## DATASET EXTRACT
· · · · ·

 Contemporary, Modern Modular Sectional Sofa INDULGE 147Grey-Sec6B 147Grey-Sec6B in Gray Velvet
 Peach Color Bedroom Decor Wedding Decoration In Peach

· · · · ·

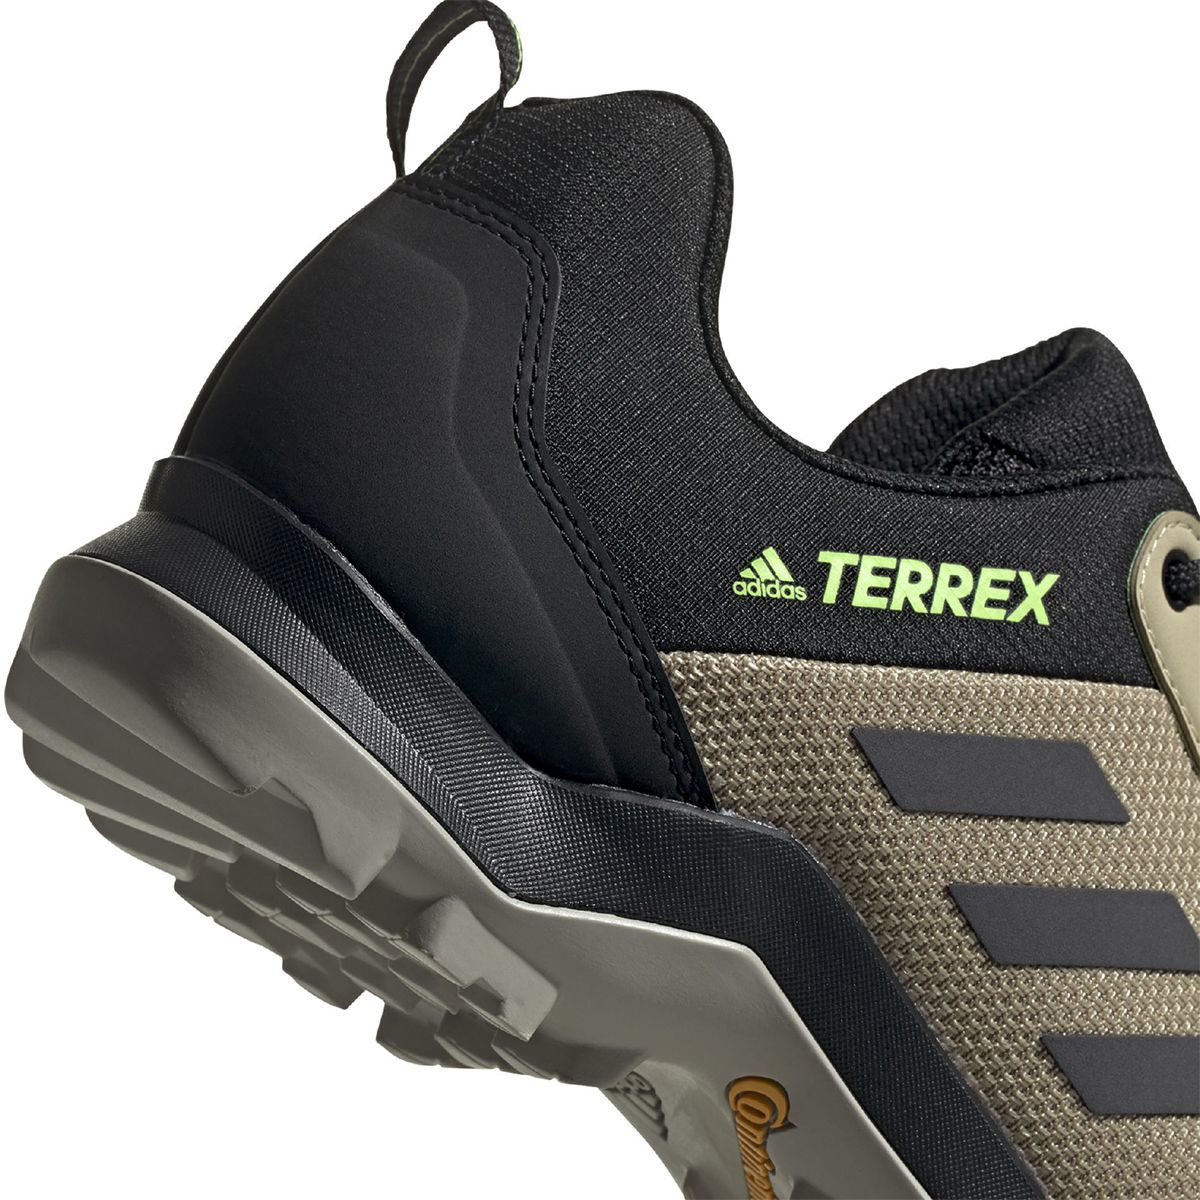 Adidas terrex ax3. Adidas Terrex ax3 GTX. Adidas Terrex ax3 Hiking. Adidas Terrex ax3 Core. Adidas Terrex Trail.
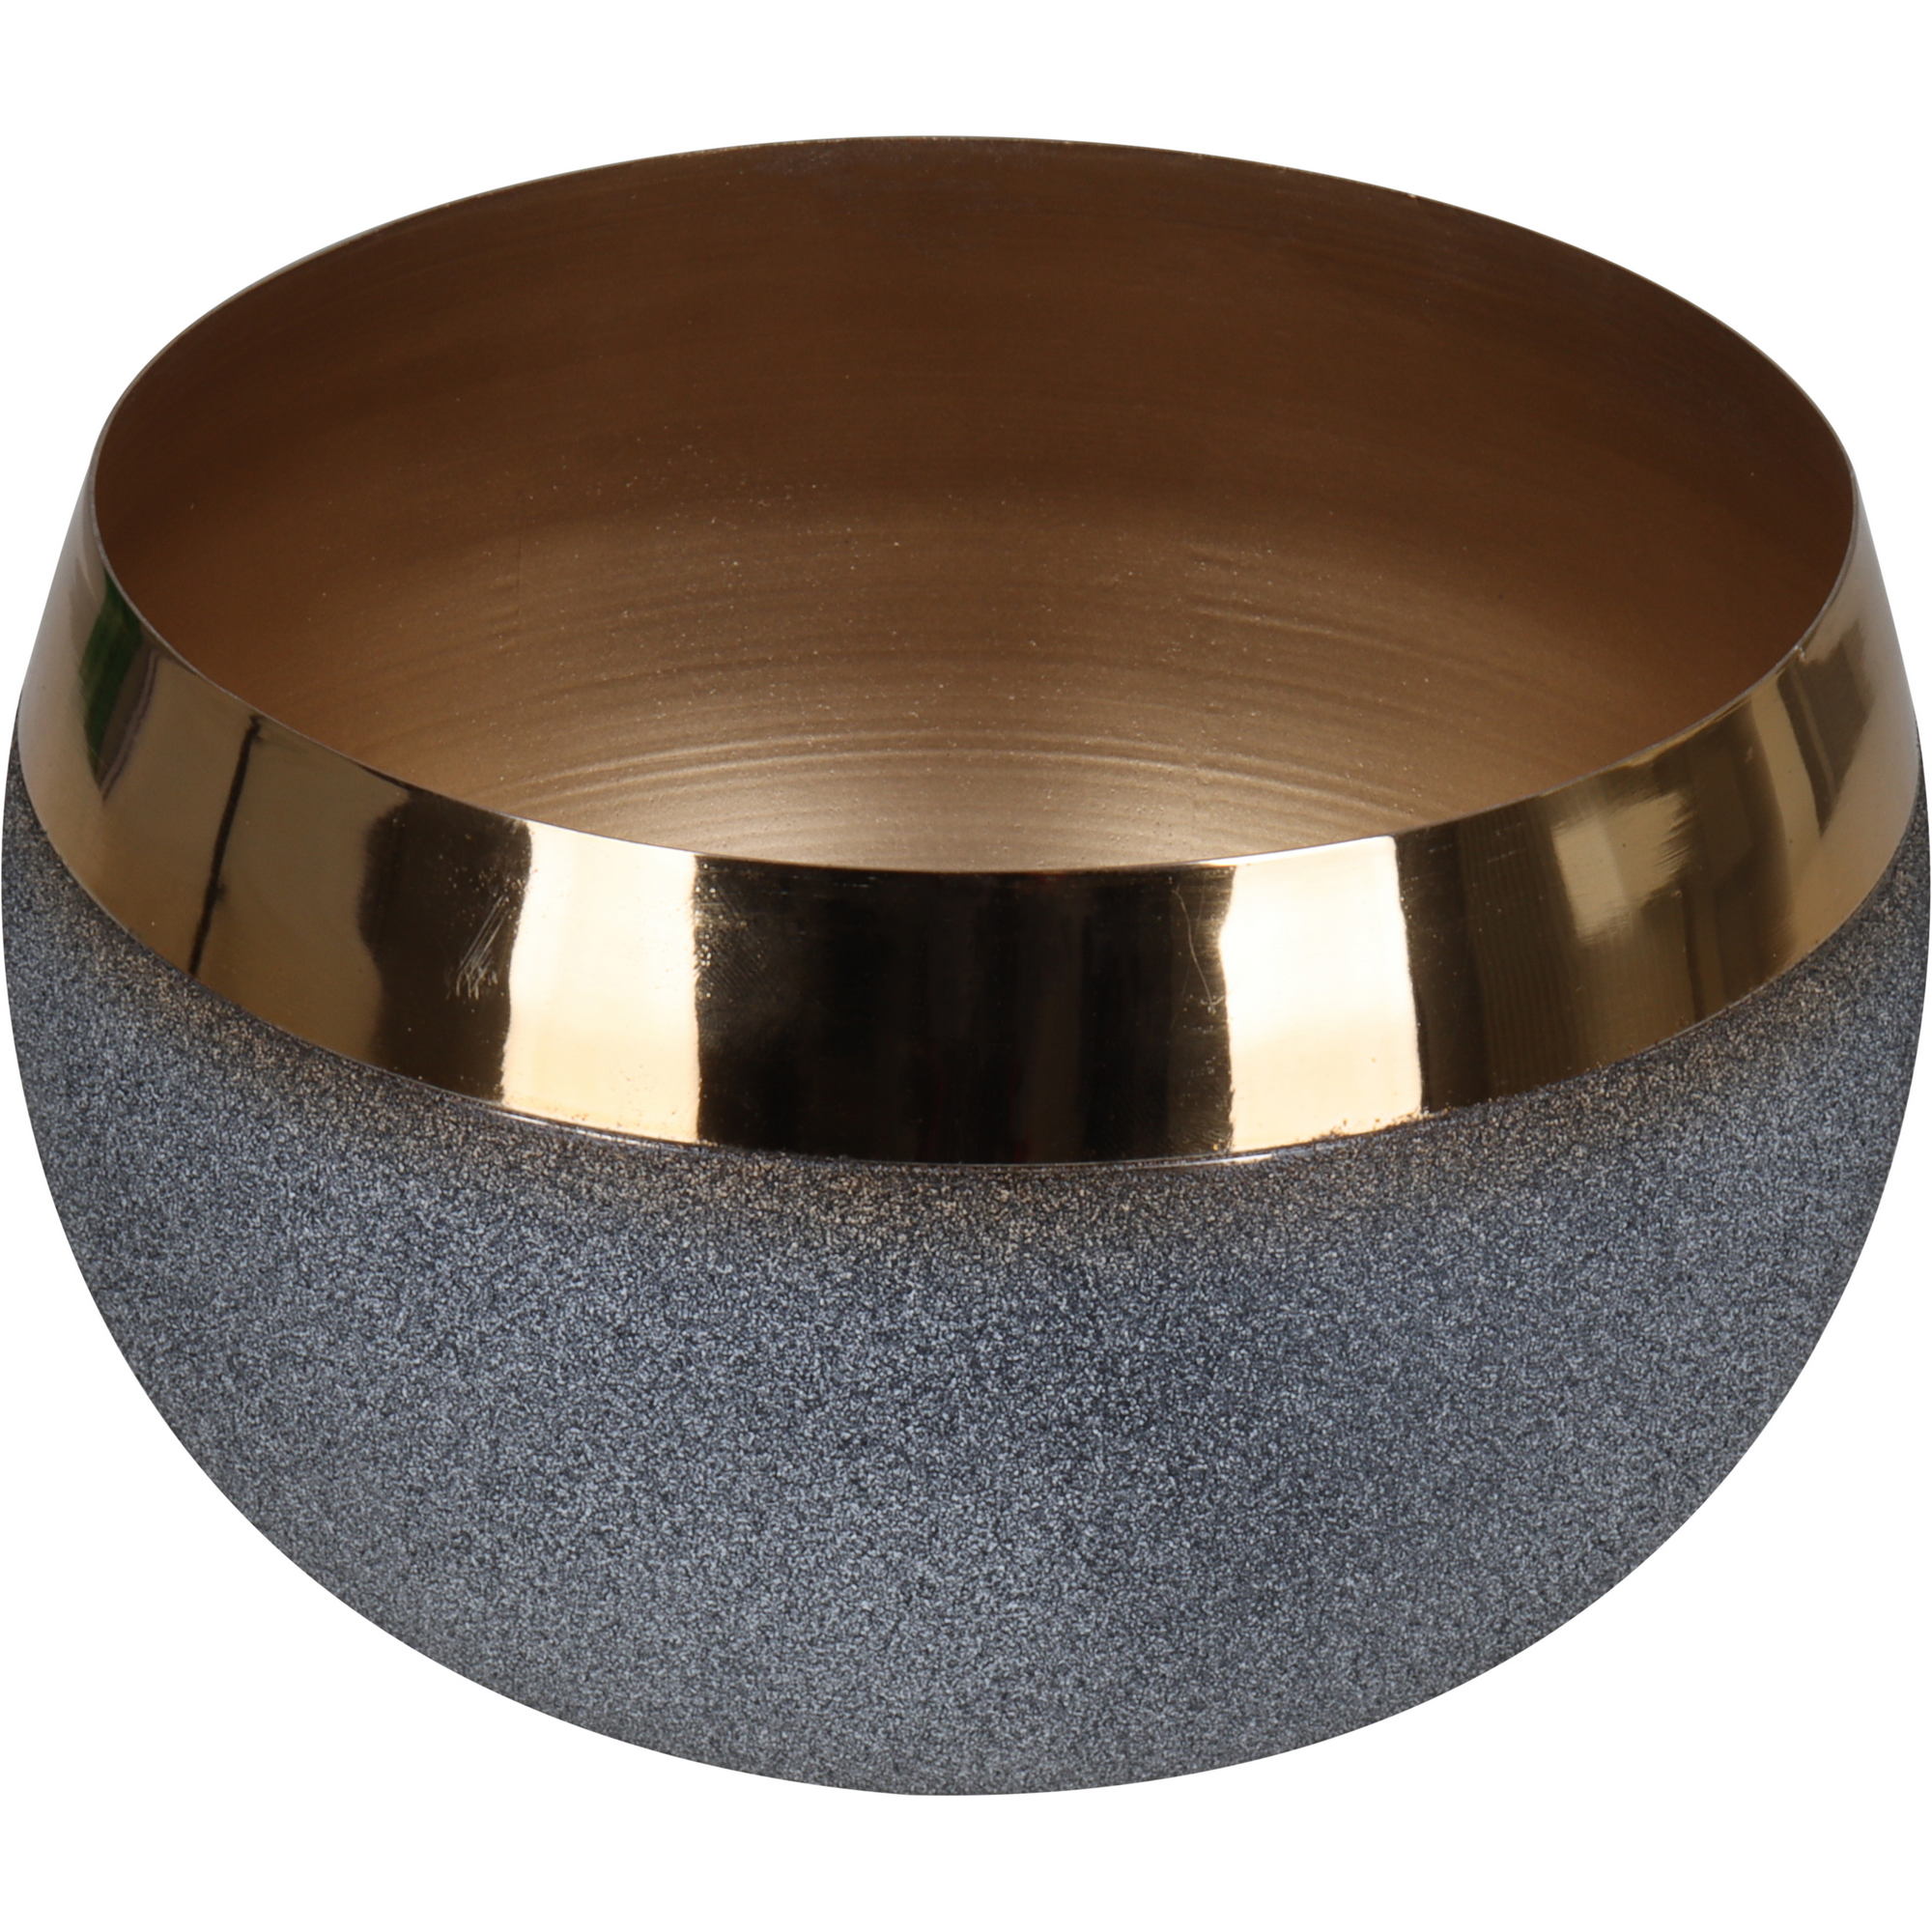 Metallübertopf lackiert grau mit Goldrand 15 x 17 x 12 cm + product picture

· · · · ·

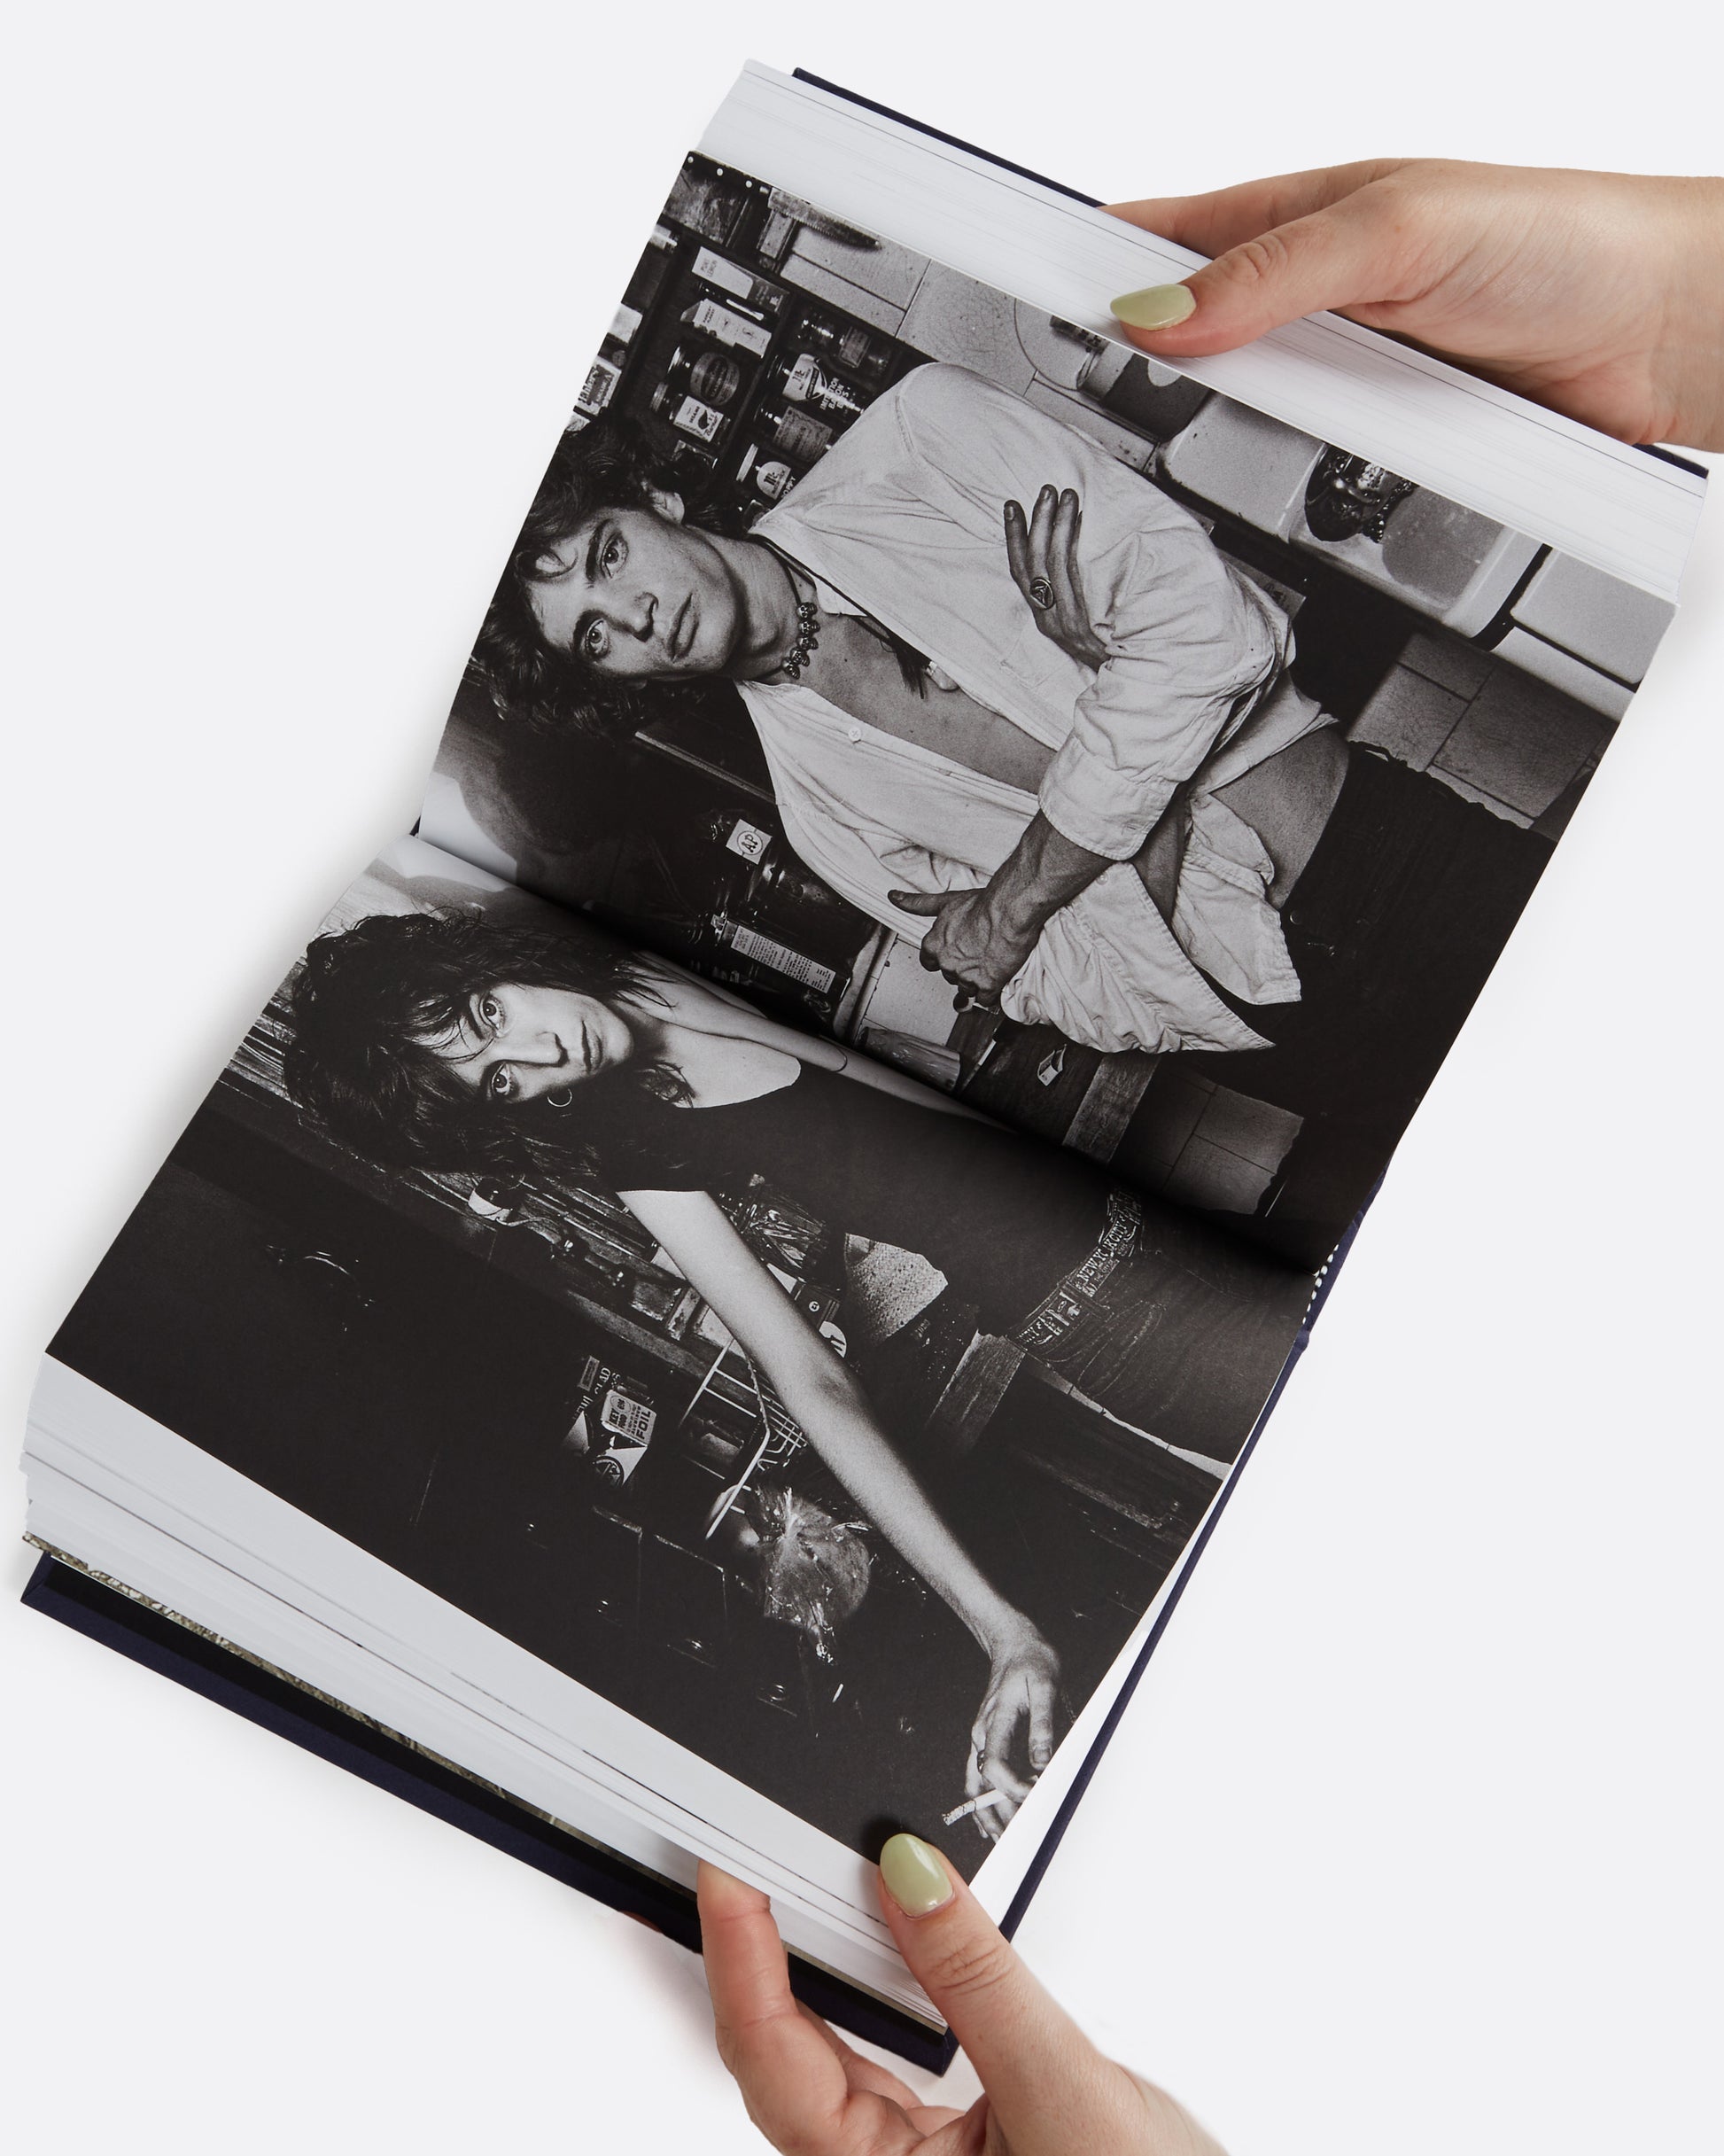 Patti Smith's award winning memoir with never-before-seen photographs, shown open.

· · · · ·

## WHAT THIS TASK INVOLVES
Only the lines above from the one with "Contemporary, Modern Modular" up to and including the one with "Peach Color Bedroom" should be repeated, exactly as written.

## RESULT OF THIS EXERCISE
 Contemporary, Modern Modular Sectional Sofa INDULGE 147Grey-Sec6B 147Grey-Sec6B in Gray Velvet
 Peach Color Bedroom Decor Wedding Decoration In Peach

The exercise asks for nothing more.